A stretch of the entries below is to be set down exactly, running from the line with "Hyundai_Tucson_Mazda CX_5_Honda_CR_V (53).jpg" through the line with "جورجيو أرماني القطن الأبيض قصيرة", both included, and no other line.

====== Data under study ======

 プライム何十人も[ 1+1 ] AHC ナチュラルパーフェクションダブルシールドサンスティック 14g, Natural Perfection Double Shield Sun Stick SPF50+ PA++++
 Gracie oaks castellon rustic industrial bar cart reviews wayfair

======
====== Data under study ======

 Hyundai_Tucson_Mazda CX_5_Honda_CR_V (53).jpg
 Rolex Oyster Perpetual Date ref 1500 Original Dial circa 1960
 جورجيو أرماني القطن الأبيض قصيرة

======
====== Data under study ======

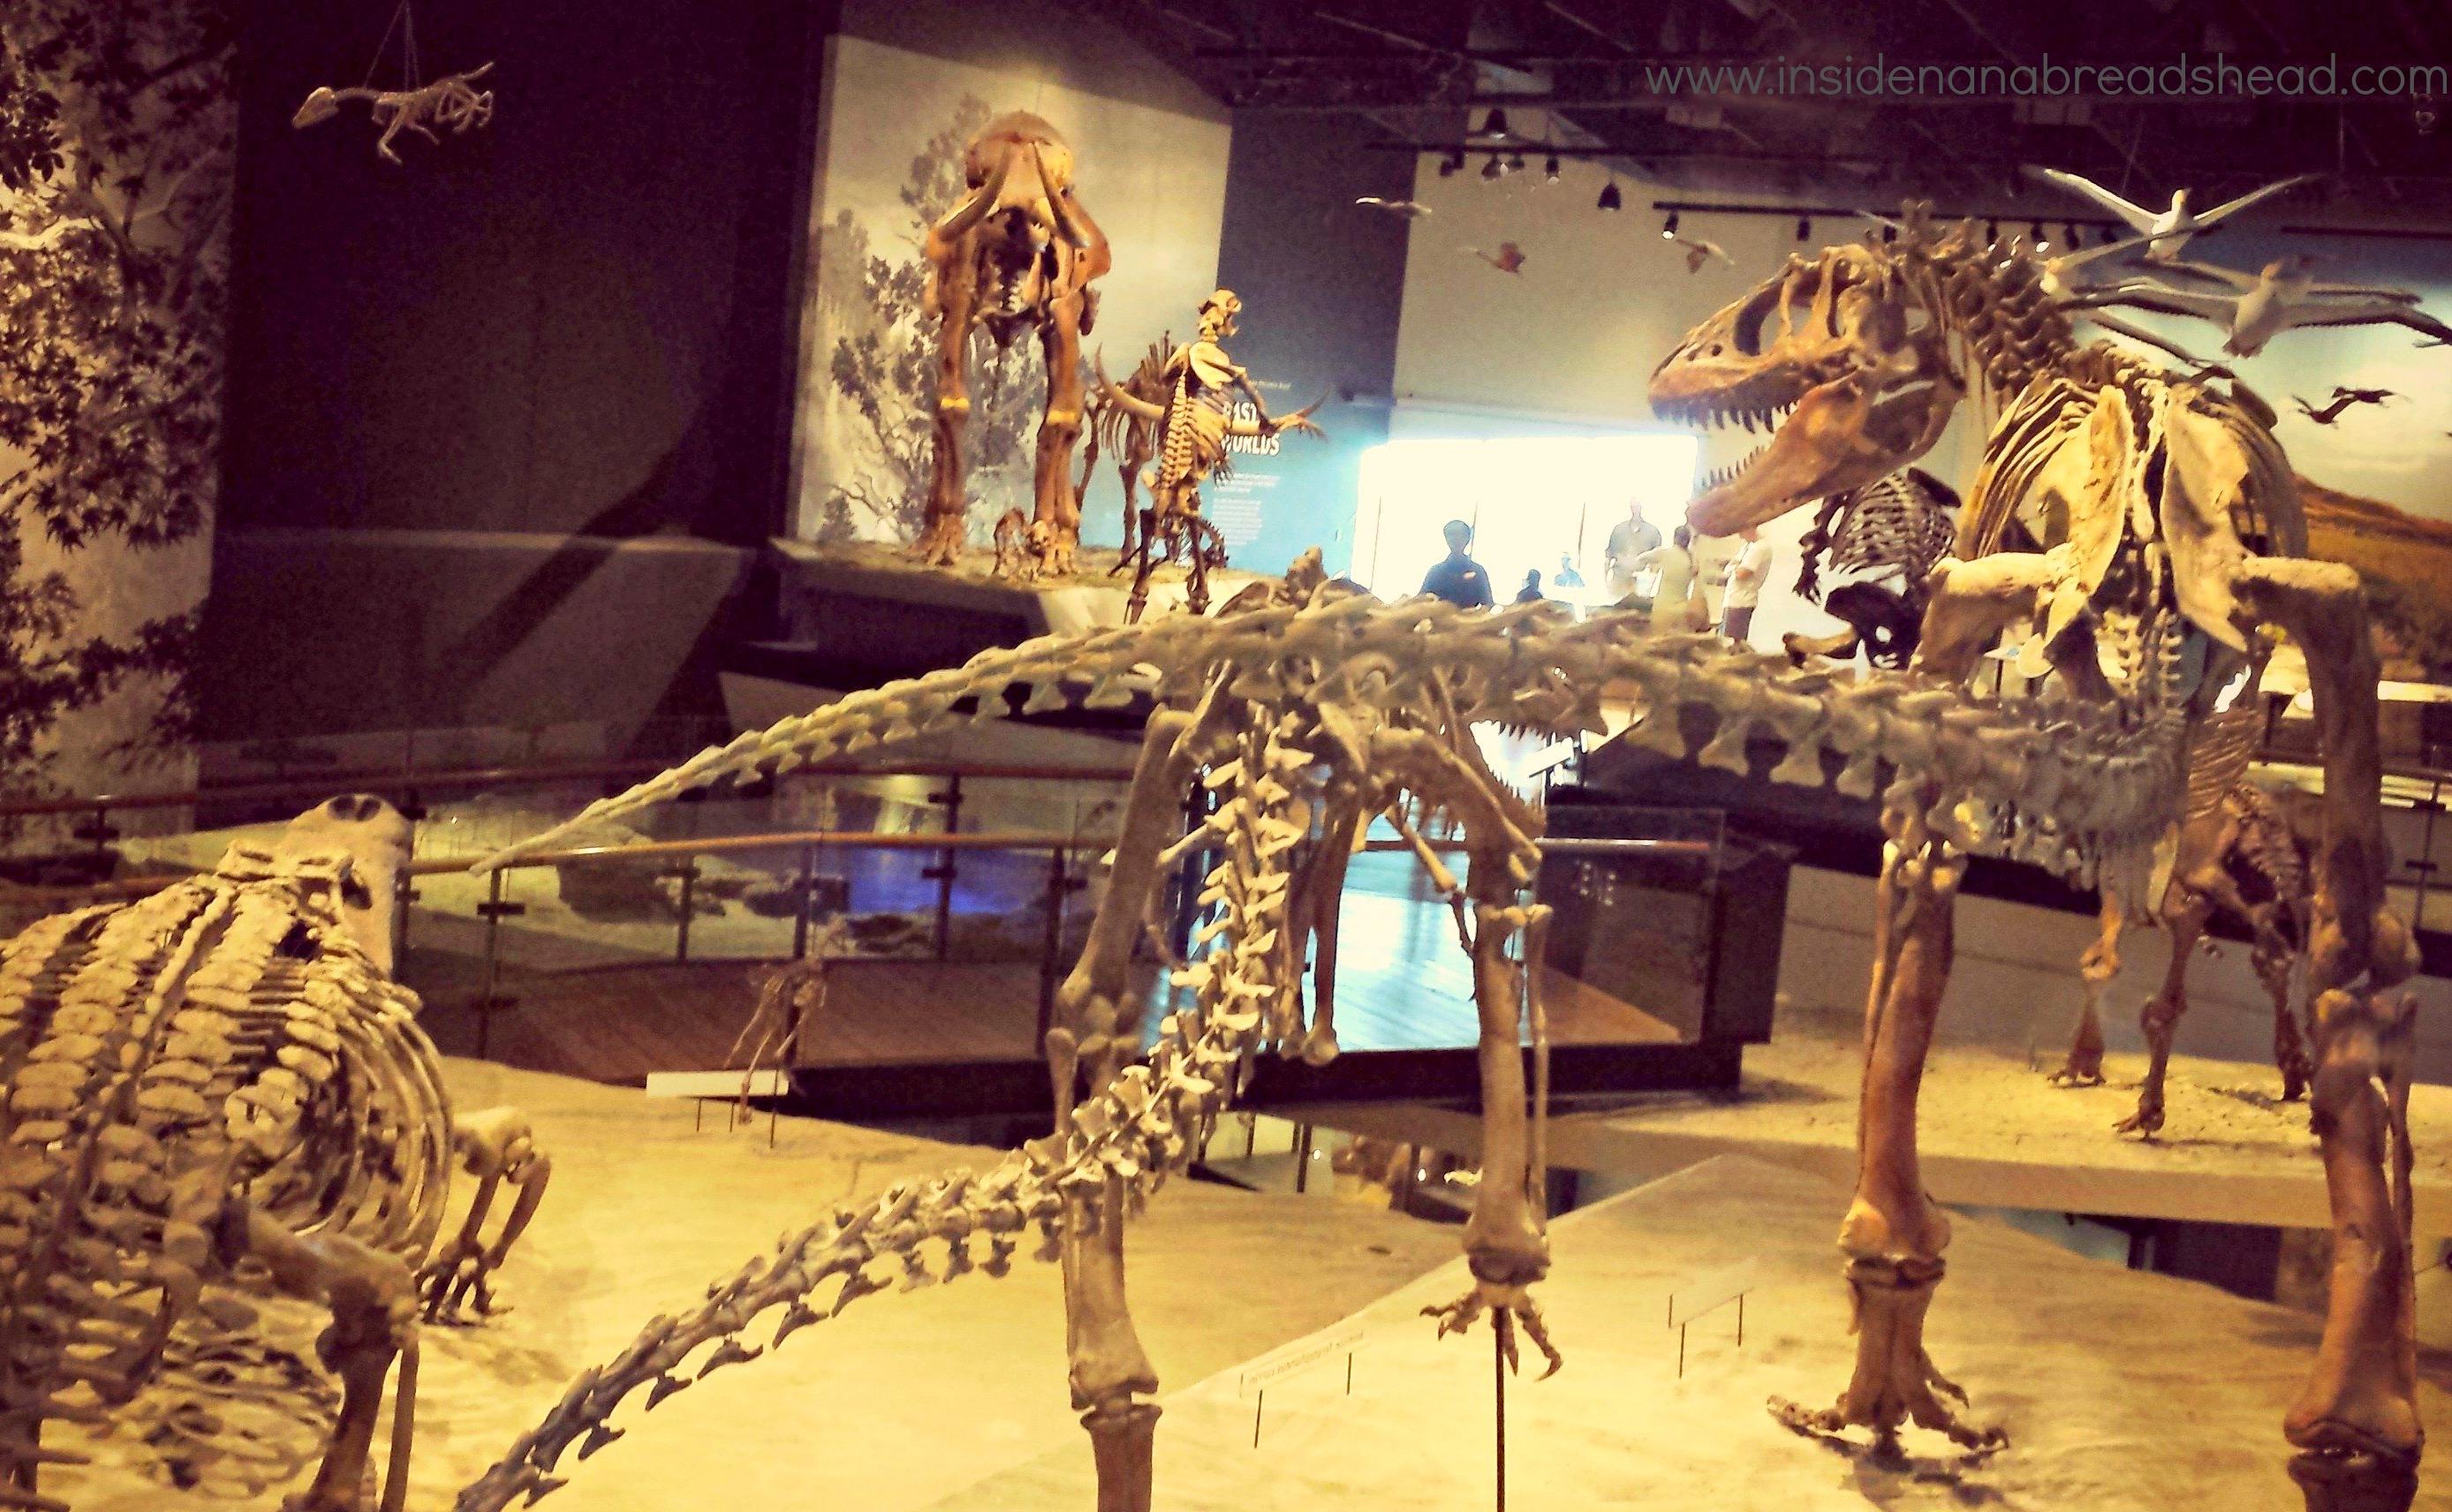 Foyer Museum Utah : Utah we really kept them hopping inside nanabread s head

======

## Completed exercise
 Hyundai_Tucson_Mazda CX_5_Honda_CR_V (53).jpg
 Rolex Oyster Perpetual Date ref 1500 Original Dial circa 1960
 جورجيو أرماني القطن الأبيض قصيرة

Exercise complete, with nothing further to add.